Вот еще от чего мысли мешаются: стоит подумать, что эти неторопливые фигуры, склоняющиеся там, за большой водой, на фоне заката, над телами, в этот самый миг дорезают кого-то из живых. Сдирают рыцарские шлемы и перерезают глотки беспомощным людям, которые все превращались в моем разуме в Аймериков — и сотни Аймериков хрипели, захлебываясь кровью, хотя еще миг назад их можно было бы спасти.

Каждый вез, конечно же, своих покойников; немногих заворачивали по пути в куски полотна (у кого остались палатки, или плащи, те пускали их на саваны.) Увозили не только тех, кто хорошо сохранился — всякий, кто смог сохранить хотя бы часть своего ближнего, тащил с собою отрубленные члены в надежде хоть их похоронить. У некоторых мертвецов не доставало голов. Встречались среди груза, напротив же, отдельные головы — с вытаращенными глазами, почти неузнаваемые, с одинаковыми раскрытыми ртами — кричали боевой клич? Просто орали от ужаса? Кто нас в бою разберет…

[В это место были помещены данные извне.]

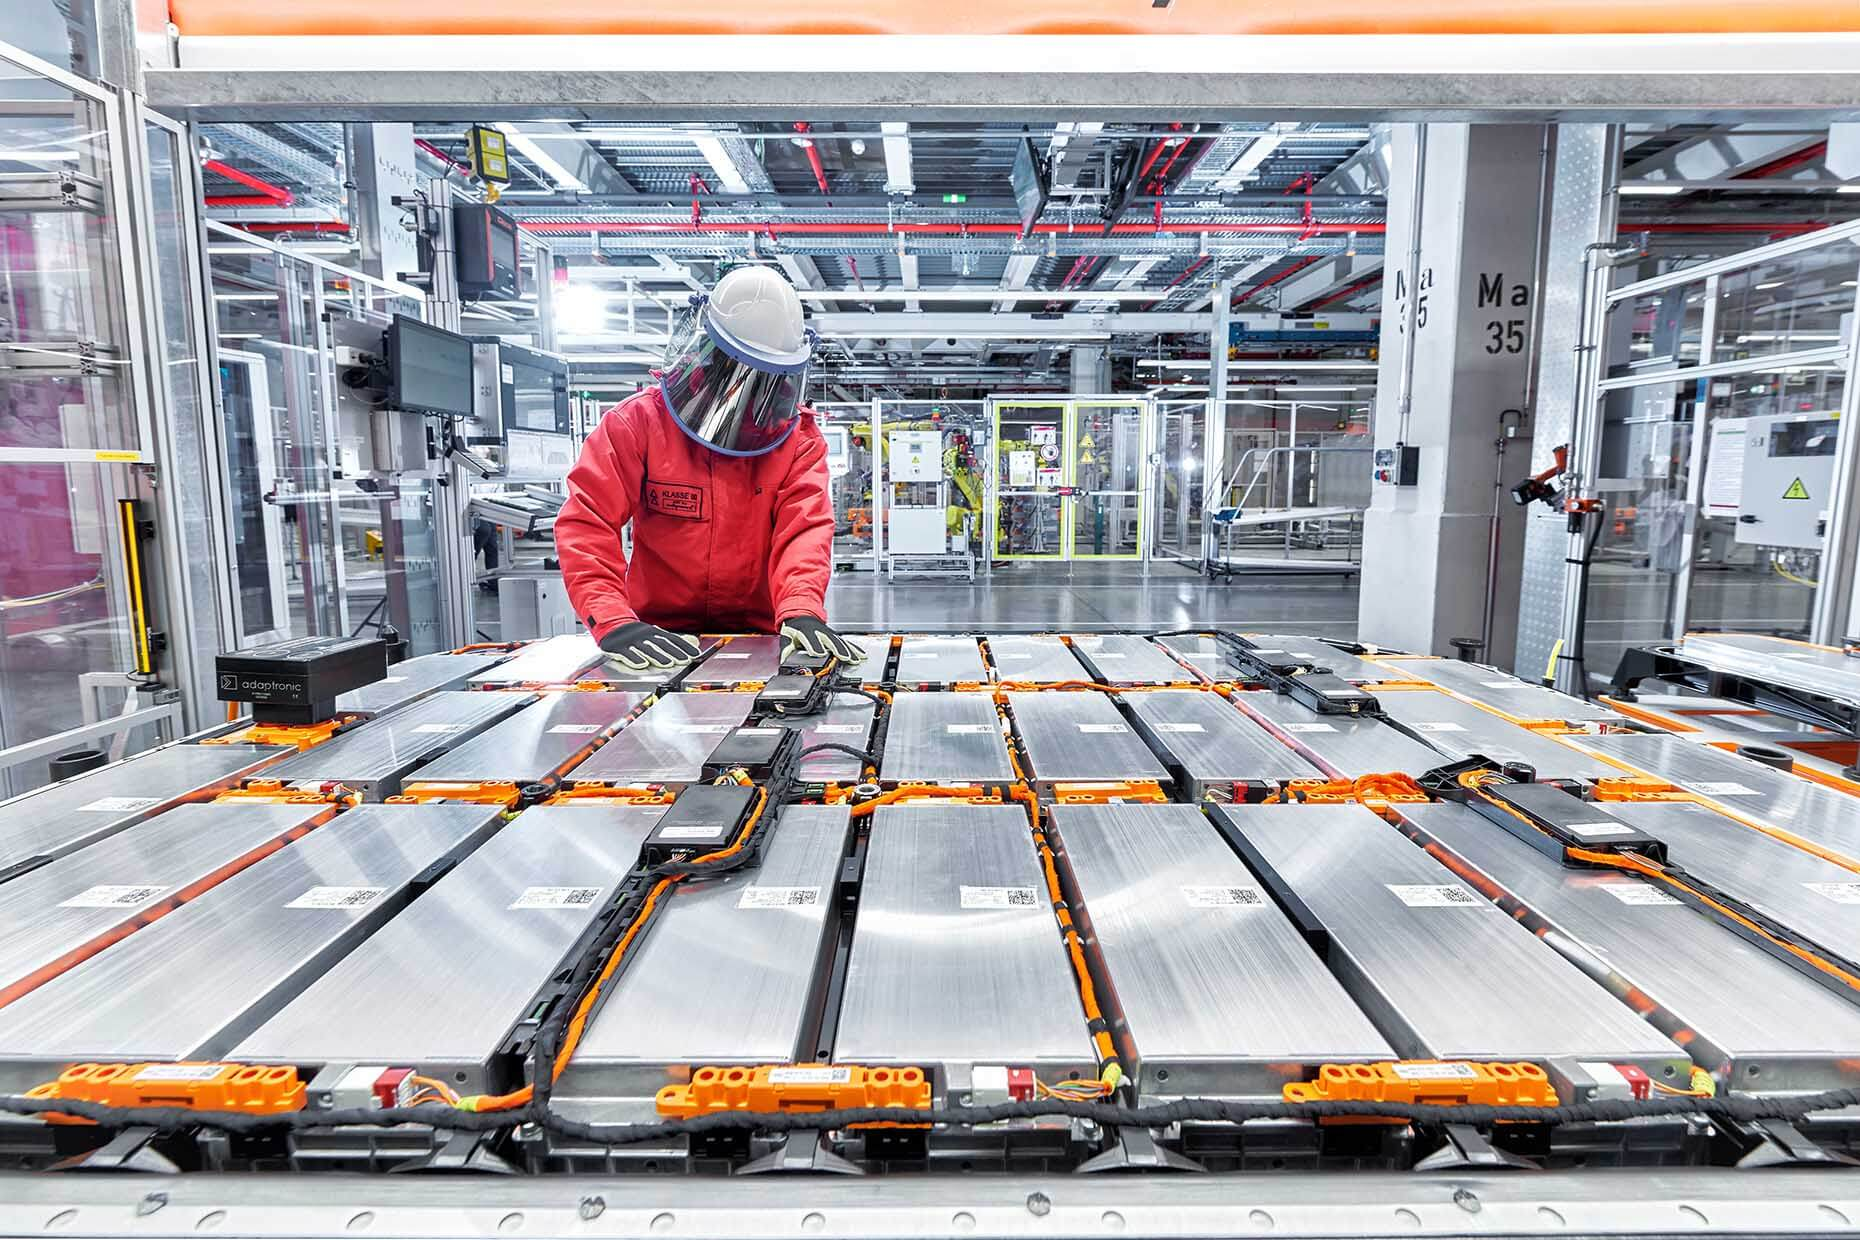 εργάτης επιβλέπει μια σειρά από μπαταρίες για ηλεκτρικά αυτοκίνητα

Аймерик, слава Господу, остался целехонек. Можно сказать, мне повезло. Многие так и говорили — даже бородатый горожанин, в чью телегу — одну из немногих оставшихся на том берегу, я положил Аймерика. Хозяин телеги, тулузский ткач, вез домой хоронить двоих сыновей — от старшего успел подобрать только голову, а у младшего голова, наоборот, затерялась, искать было некогда, так что из двоих братьев мог получиться теперь один полноценный человек. Чтоб сберечь место на телеге — трупов было много, а возов мало — ткач уложил сыночков именно так, голову к шее, однако выбрав для того место получше, на самом верху, чтобы мертвая плоть не попортилась под другими трупами по дороге. И в собственный плащ завернул — от мух. Все это он проделывал по дороге, беспрестанно плача в голос — ужасно громко, по-женски, и ничуть того не стесняясь. Да что там, все плакали не переставая. Плакал я, пеленая своего Аймерика в его собственный плащ, и в голове независимо от того, как бы сами по себе, роились придумки — отрезать у мертвого прядь черных волос на память, напротив же, вплести ему в волосы свою прядку, слизать в знак нескончаемого братства холодную уже, свернувшуюся кляксу крови на его животе… Мой ami charnel, он стал такой маленький, будто меньше меня, хотя и тяжелый, как камень; неловкий, он не желал покорно разгибать члены, и когда я расправлял его согнутую правую руку, вцепившуюся пальцами в собственную рану, та издала в локте чудовищный хруст, от которого меня заново продрало по всему телу плотское горе. Приговаривая себе под нос, беспрестанно бормоча, я запеленал наконец своего несгибаемого младенца, уложил его в колыбель. Каждый старался с диковатой заботливостью выбрать своему мертвецу местечко поудобнее, чтобы голова выше туловища лежала, чтобы о борта не бился, чтобы, не дай Бог, не вывалился… Я отдал коня впрячь в телегу, за это мне позволили положить к другим своего покойника. Работали тупо и сосредоточенно, почти не разговаривая друг с другом. Но зато непрестанно разговаривая с трупами, увещевая, прося потерпеть чуточку, сетуя…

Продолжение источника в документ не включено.